Larga vida a Lewis.

Larga vida a Lewis.
Crédito: FanF1

Fue en un hermoso día soleado cuando Sir Lewis, en la cima de su gloria, ganó el título al volante de su Merci l'Abbesse. En los anales del equipo, sucede brillantemente al rey de reyes, al maharajá de los maharajás, al maestro Fangio.

El respeto por Juan Manuel Fangio, siempre aclamado como «El Maestro» y, en palabras de un observador veterano, «el mejor piloto de su época, si no de todos los tiempos», ha resurgido tras el dramático enfrentamiento de este fin de semana en el circuito que se ha convertido en un campo de pruebas para los campeones modernos.

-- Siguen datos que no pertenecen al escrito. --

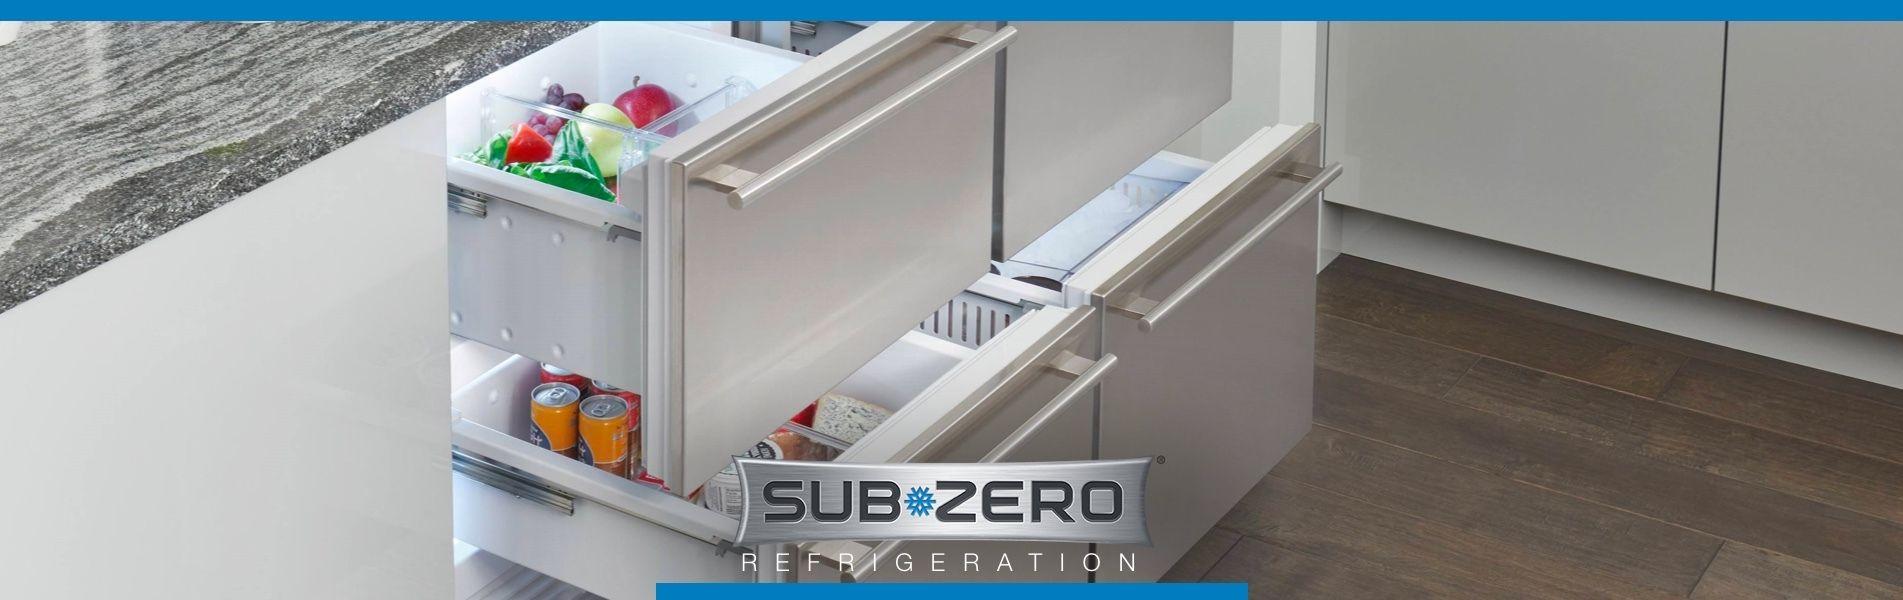 Sub-Zero-LandingPage

Lewis Hamilton, que llegó a la carrera con la seguridad de un monarca en ejercicio, tomó la delantera desde el principio y nunca miró atrás. Tras un breve susto cuando su coche perdió momentáneamente el agarre, el británico aceleró para cruzar la línea de meta con una ventaja que no dejaba lugar a dudas sobre su dominio. «Siento como si me volvieran a poner la corona en la cabeza», declaró Hamilton en la entrevista posterior a la carrera, con la misma voz exaltada que sus fans han escuchado tras sus anteriores triunfos. Su rival más cercano, Nico Rosberg, tuvo menos suerte. Una repentina avería mecánica obligó al piloto germano-suizo a abandonar a mitad de carrera, un revés que se hace eco de la «tragedia» que muchos asocian con los altibajos de su carrera. «Es un trago difícil de digerir», admitió Rosberg, «pero hoy ha sido el coche el que ha decidido su destino». La crónica de la carrera no se centró solo en la velocidad, sino que fue un homenaje en vivo al estatus mítico de Fangio. El conde de Moncet, un veterano comentarista conocido por su prosa lírica, recordó a los telespectadores que «ningún caballero puede pronunciar el nombre de Fangio sin sentirse abrumado por la admiración». Añadió que la generación actual de pilotos, desde Hamilton hasta Rosberg, es constantemente comparada con la leyenda argentina, referente en materia de genio. Mientras Hamilton celebraba su victoria, la historia de este deporte le recordaba la humildad necesaria para mantenerse en la cima. Una voz apagada procedente de la cabina de comentaristas citó al difunto Juan Manuel Fangio: «Un campeón escribe su leyenda, no borrando el pasado, sino rindiéndole homenaje». Esta observación parecía dirigirse a Hamilton y a su exuberante celebración, exhortando al vencedor a recordar el linaje que ahora representa. La rivalidad entre Hamilton y Rosberg, a menudo calificada de «homérica», puede haber dado un giro temporal, pero los analistas sugieren que la guerra está lejos de haber terminado. «Solo es un asalto», declaró el antiguo director del equipo, Toto Wolff, «y aunque Hamilton haya tomado la delantera hoy, la competición seguirá evolucionando».

Mientras el paddock se vacía y los aficionados se marchan, el eco del legado de Fangio sigue siendo innegable. Ya sea con el rugido de un motor híbrido moderno o con el susurro respetuoso de un comentarista, la leyenda de «El Maestro» perdura, moldeando las ambiciones de los pilotos actuales y recordándoles que cada victoria es un capítulo de una historia que comenzó hace más de setenta años.